05/22/2026 | Press release | Distributed by Public on 05/22/2026 06:05
As previously disclosed, on September 26, 2025, Tiptree Inc., a Maryland corporation ("Tiptree") entered into an Agreement and Plan of Merger (as amended, the "Merger Agreement") with DB Insurance Co., Ltd., incorporated and existing under the laws of the Republic of Korea ("Purchaser"), and The Fortegra Group, Inc., a Delaware corporation and subsidiary of Tiptree ("Fortegra"). DB Insurance North America Merger Sub, Inc., a Delaware corporation and wholly owned subsidiary of Purchaser ("Merger Sub"), was subsequently incorporated in Delaware and, on April 8, 2026, executed a joinder to the Merger Agreement to become a party thereto. The Merger Agreement provides that Purchaser will acquire Fortegra for a purchase price of $1.65 billion in cash (subject to certain adjustments set forth in the Merger Agreement) by means of a merger of Merger Sub with and into Fortegra, with Fortegra surviving the Merger as a wholly owned subsidiary of Purchaser (the "Merger").

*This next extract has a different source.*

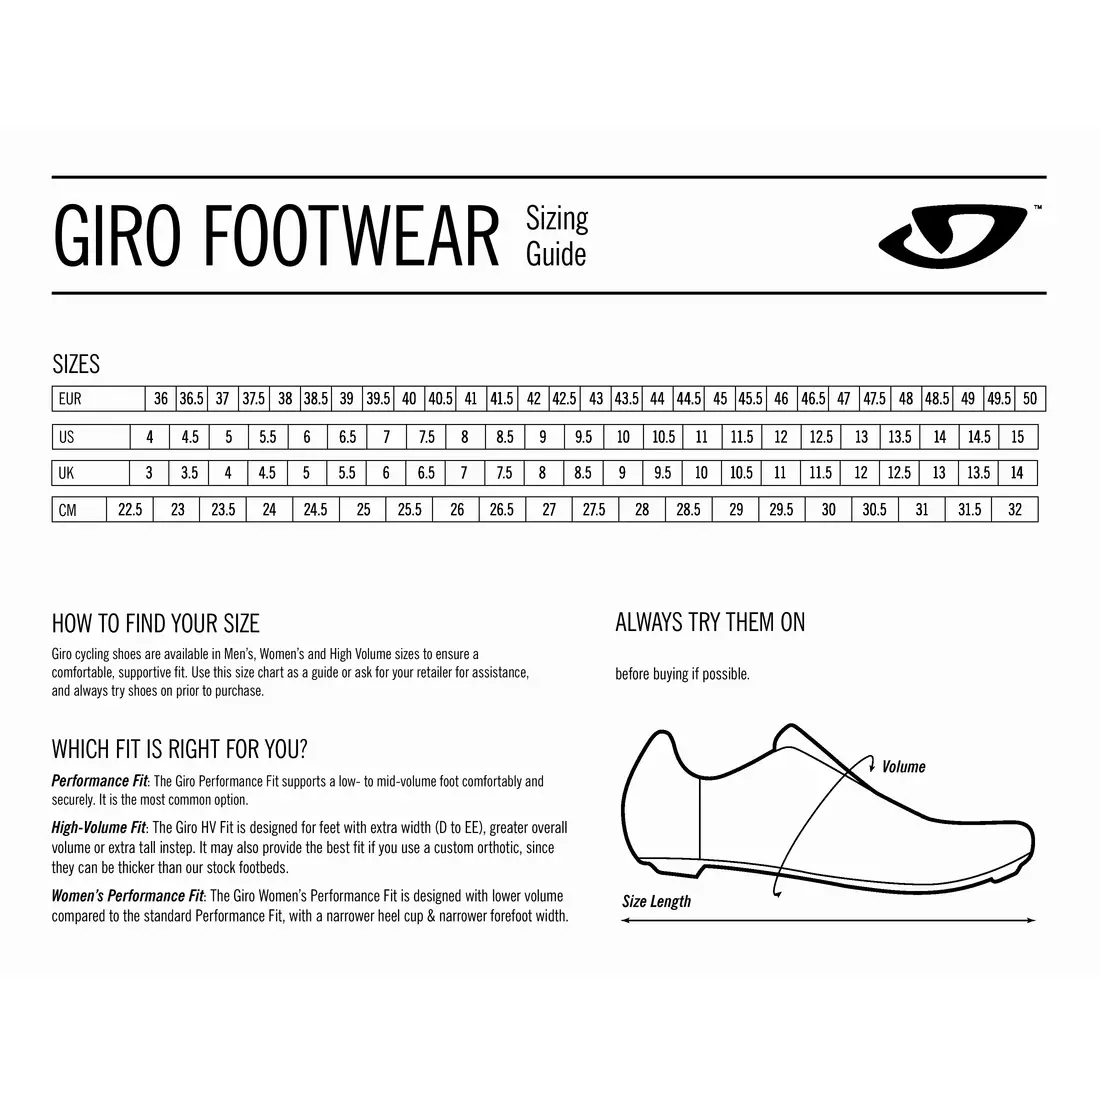 GIRO pánská cyklistická obuv CADET white GR-7123088

The Merger Agreement also provides that the parties will consummate the Merger on the last business day of the month in which all applicable conditions (other than those conditions that by their terms are to be satisfied at the closing, but subject to the satisfaction or waiver of those conditions at the closing) have been satisfied or waived. The parties expect to consummate the Merger on May 29, 2026, subject to the satisfaction of remaining customary closing conditions.
The information in this Item 7.01 shall not be deemed "filed" for purposes of Section 18 of the Securities Exchange Act of 1934, as amended (the "1934 Act"), nor shall it be deemed incorporated by reference in any filing under the Securities Act of 1933, as amended, or the 1934 Act.